Escribió al gobierno de Quito, pidiéndole ayuda para hacerle la guerra a los oligarcas de Bogotá. (El hijo de Fominaya le explicaba a María de los Ángeles que la capital se llamaba ahora Bogotá simplemente, las palabras "Santa Fé" el Libertador las había suprimido por considerarlas vocabulario de españoles, y María de los Ángeles se rió y le dijo que eso no importaba, que tarde o temprano otro gobierno volvería restituirlas y la gente volvería a llamar la capital Santa Fé de Bogotá, como siempre, porque en el fondo nada cambiaba este país tan amigo del cambio, las cosas eran y serían como habían sido por más ideas modernas que se implantaran, todo, todo volvía a lo mismo.) El gobierno de Quito tenía intereses en la zona sur del país, donde se batía el cura, pero no tenía la intención de comprometerse abiertamente en un conflicto que iba más allá de sus fronteras. Enviaron un instructor militar, único recurso que podían aportar.
Y así estaban las cosas, el cura enmontado con sus indios, esperando la salvación del Sur, que vendría según lo esperaba él de un gobierno situado más al sur, el de Quito. Cuando le anunciaron en su campamento la llegada del instructor, se tiró de rodillas a dar gracias a Dios. Pero cuando vio en persona al instructor que le habían enviado los de Quito creyó que se trataba de una burla. No sólo era un viejo, sino un hombre que apenas podía caminar.

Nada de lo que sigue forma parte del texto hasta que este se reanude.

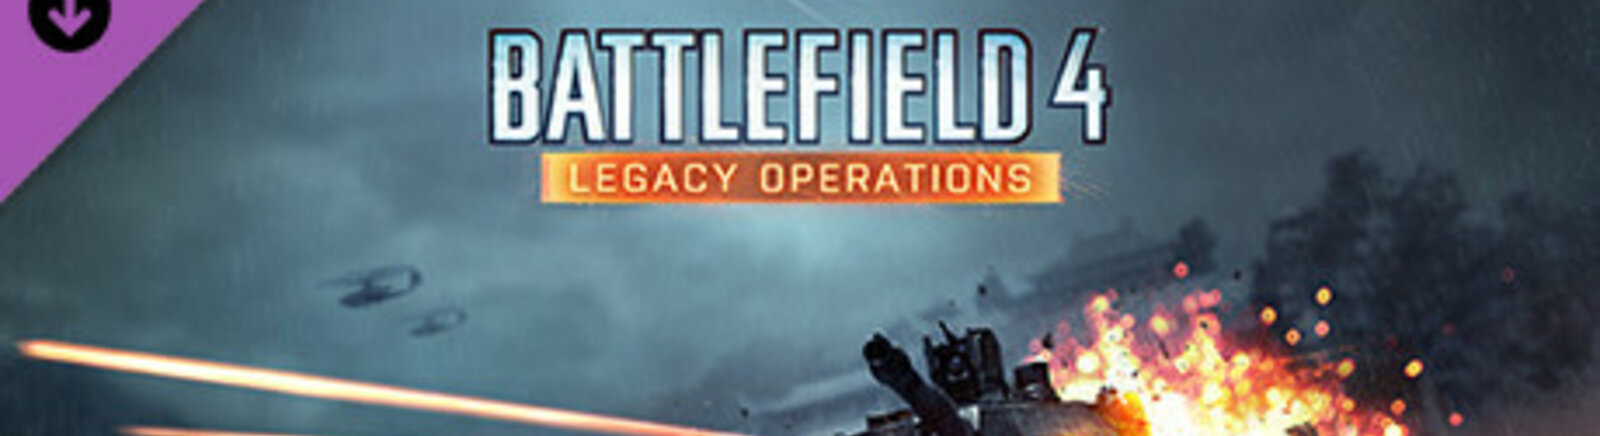 Дата выхода Battlefield 4: Legacy Operations  на PC, PS4 и Xbox One в России и во всем мире

El viejo, por su parte, también se llevó una sorpresa. Esperaba encontrarse con un grupo de hombres resueltos al combate, aunque ignorantes en las artes de la guerra. Se encontró en cambio con una muchedumbre de indios tristes, sumisos y obedientes al cura.
Un mes de instrucción, sin embargo, le bastó al viejo para demostrar de qué cosas era capaz una férrea disciplina. En el primer combate que tuvo lugar, las huestes del cura desbarataron un cuerpo de tropa regular. Se hicieron de armas, que falta les hacían. Tomaron prisioneros, pero el viejo dio la orden en seguida de que los dejaran ir. Se fueron y, como el viejo se lo esperaba, regaron el cuento por todas partes, contando que los indios del cura rebelde los habían derrotado. En los siguientes combates todo fue más fácil. Y con la fama de invencibles crecía la hueste.
El viejo se hacía llevar a espaldas de un indio hasta el lugar mismo del combate. El cura se quedaba rezando, no muy lejos. Rezaba hasta que cesaban los disparos. El viejo se había inventado la manera de intervenir personalmente en la pelea. Un indio, con el espaldar de la silla amarrado con un cordel a sus espaldas, lo transportaba. El viejo iba cómodamente sentado. A los lados, otros dos indios portaban las armas. Después de haber dado instrucciones a los diferentes jefes de la hueste, el viejo esperaba que se iniciara el combate. Luego, en el momento que él juzgaba decisivo, intervenía. Con un grito de guerra se lanzaba al ataque. El indio que lo llevaba a cuestas partía como una flecha hasta el punto exacto que el viejo había escogido como objetivo y que muchas veces era una trinchera, un parapeto enemigo, una columna mal alineada. Al llegar al punto designado por el viejo, el indio, dando la vuelta sobre sí mismo, quedaba plantado en el suelo, inmóvil, y el viejo le daba la cara al enemigo. Entonces los indios que iban a su lado cargaban las armas y se las pasaban al viejo que no hacía otra cosa que disparar. Certeramente los tiros disparados casi a quemarropa daban en el blanco. Y el viejo y sus tres indios parecían entonces una máquina infernal, un aparato de guerra como nadie había visto por esos lados, que ahora avanzaba por entre las filas enemigas, lentamente, incontenible.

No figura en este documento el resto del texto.